DIXON v. STATE

8 Div. 934.

115 So.2d 269 (1958)

Lester Bemay DIXON v. STATE of Alabama.

Supreme Court of Alabama.

Rehearing Denied September 25, 1958.


Attorney(s) appearing for the Case

John Patterson, Atty. Gen., and Jas. W. Webb, Asst. Atty. Gen., for the petition.

Scruggs & Scruggs, Guntersville, opposed.


MERRILL, Justice.

We granted the writ in the instant case because the cases cited in the opinion of the Court of Appeals do not appear to support the conclusion of that court.

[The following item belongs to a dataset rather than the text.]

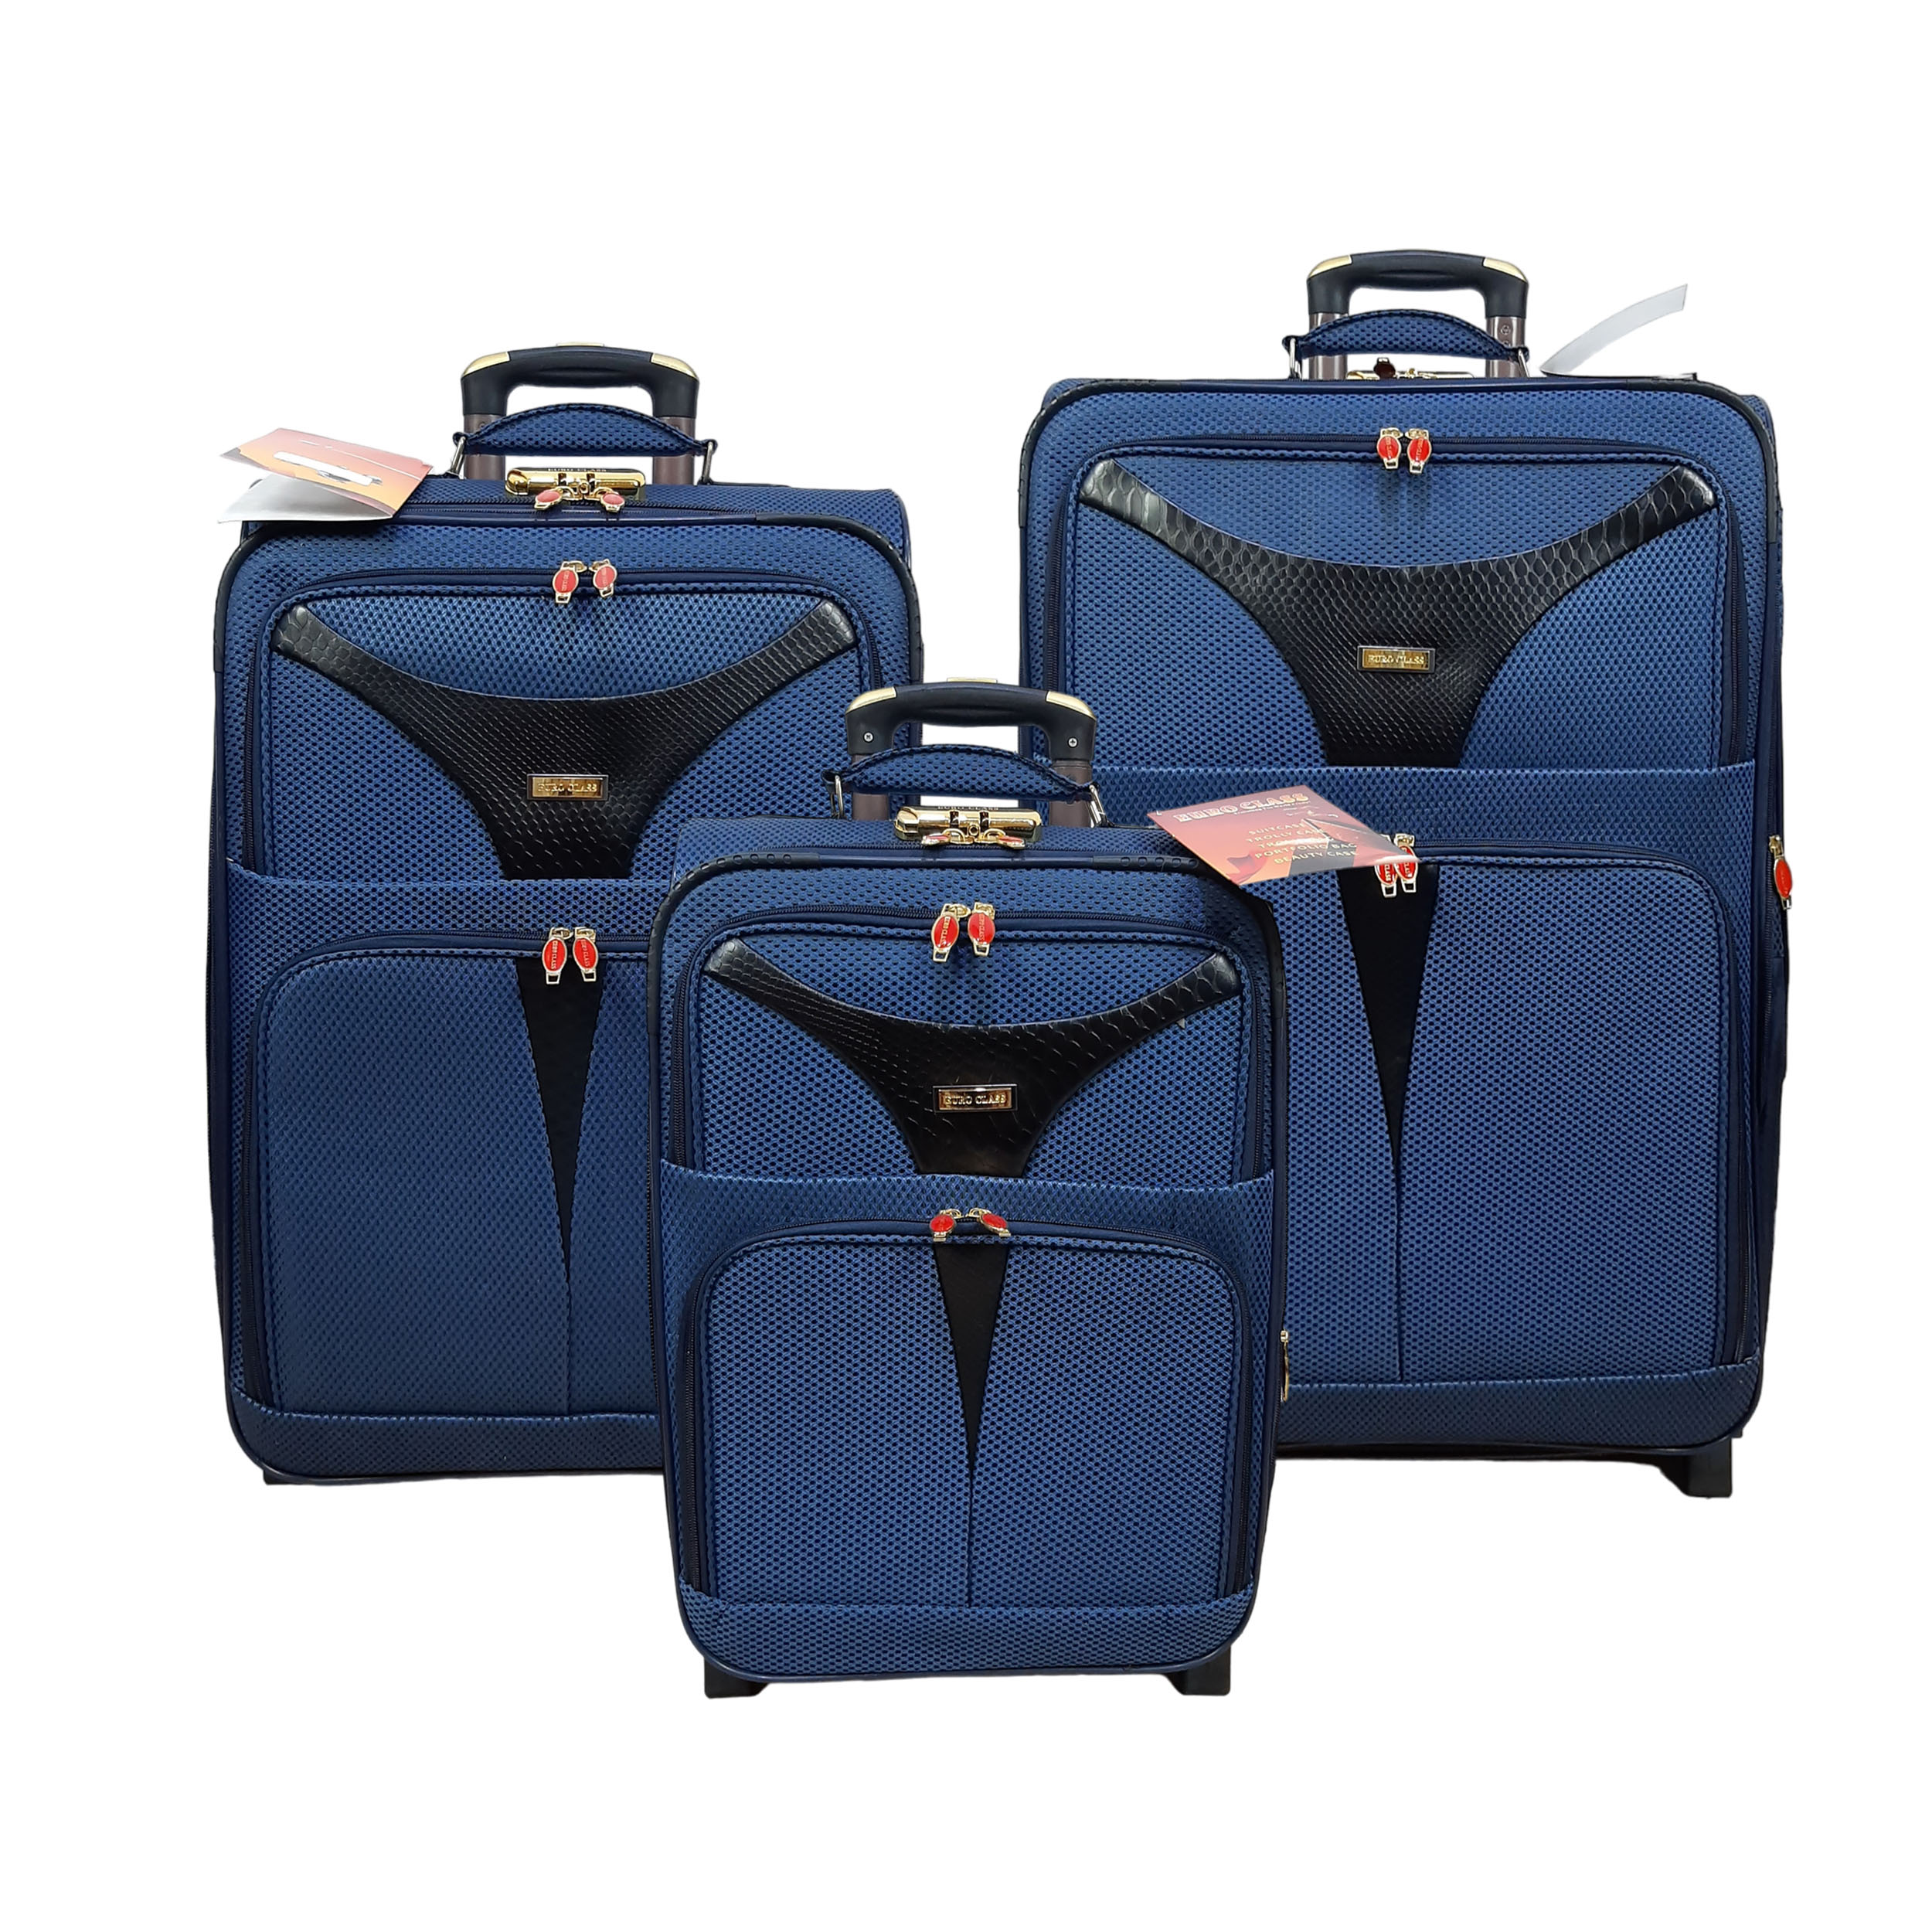 نکته خرید - قیمت روز مجموعه سه عددی چمدان یورو کلاس مدل J9050 خرید

Hudson v. State, 249 Ala. 372, 31 So.2d 774, is merely a "trail case," with facts dissimilar to the facts here. Moreover, that is a possession case and could not be authority for the absence of proof of the corpus delicti insofar as the distilling count is concerned.

Milam v. State, 24 Ala.App. 403, 136 So. 831, admittedly must be distinguished in order to keep it from being in conflict with the opinion of the Court of Appeals.

Tennessee Coal, Iron & R. Co. v. Martin, 33 Ala.App. 502, 36 So.2d 535, is concerned with the construction of the word "establishment" in our Unemployment Compensation Act, Code 1940, Tit. 26, § 180 et seq. That case is not in point.

In Bolin v. State, 266 Ala. 256, 96 So.2d 582[9], 588, the majority opinion distinguishes that case from cases dealing with the "making, possession and transportation, etc., of illegal liquors or beverages."

It is obvious that the cases cited in the opinion of the Court of Appeals are not apt authority.

The correct rule in possession cases is stated in Rikard v. State, 31 Ala.App. 374, 18 So.2d 435, certiorari denied 245 Ala. 677, 18 So.2d 436:

"* * * `We have said, and it is the law, that the mere presence at a still, without more, will not warrant a conviction, but any act of the defendant in and about a still which indicates an interest in, or that he is aiding or abetting in the possession, may be taken as sufficient upon which to base a verdict of guilt.' * * * "It is, of course, axiomatic, in such cases, that a directed verdict is improper where the evidence raises a substantial inference against innocence. Brown v. State, 30 Ala.App. 5, 200 So. 637, certiorari denied 240 Ala. 648, 200 So. 640; Emerson v. State, 30 Ala.App. 89, 1 So.2d 604, certiorari denied 241 Ala. 141, 1 So.2d 605; 6 Alabama Digest, Criminal Law."

Elmore v. State, 21 Ala.App. 410, 109 So. 114, states the law as to both distilling and possession in this language:

"We have held in many cases that the mere presence of a person at a still was not sufficient to overcome the presumption of innocence which attends a defendant charged with, and who is on trial for, a criminal offense. Biddle v. State, 19 Ala.App. 563, 99 So. 59; Biddle v. State, 20 Ala.App. 49, 100 So. 572. This general statement, while still adhered to, cannot be so extended as to invade the province of the jury in passing upon the guilt or innocence of a defendant, whose acts or conduct raises other presumptions tending to connect him with the manufacture of whiskey or the possession of a still. Wherever a defendant is shown to be present at a still, any fact or circumstance, however slight, tending to show participation either as a principal or as aider or abettor may authorize the jury to find a verdict of guilt which will not be disturbed on appeal. In this case there was evidence from which the jury could conclude that the defendant was a principal, and the general charge was properly refused. "There was evidence justifying a conviction under either count of the indictment, and hence the general charge as to either count was properly refused."

The still was in operation at the time of defendant's arrest, and all the facts were sufficient to raise an inference that petitioner was engaged in, or aiding and abetting in, the distilling operation. We think the evidence outlined in the opinion of the Court of Appeals is sufficient to make a jury question under either count of the indictment.

The judgment of the Court of Appeals is reversed and the cause is remanded.

Reversed and remanded.

LIVINGSTON, C. J., and LAWSON, SIMPSON, GOODWYN and COLEMAN, JJ., concur.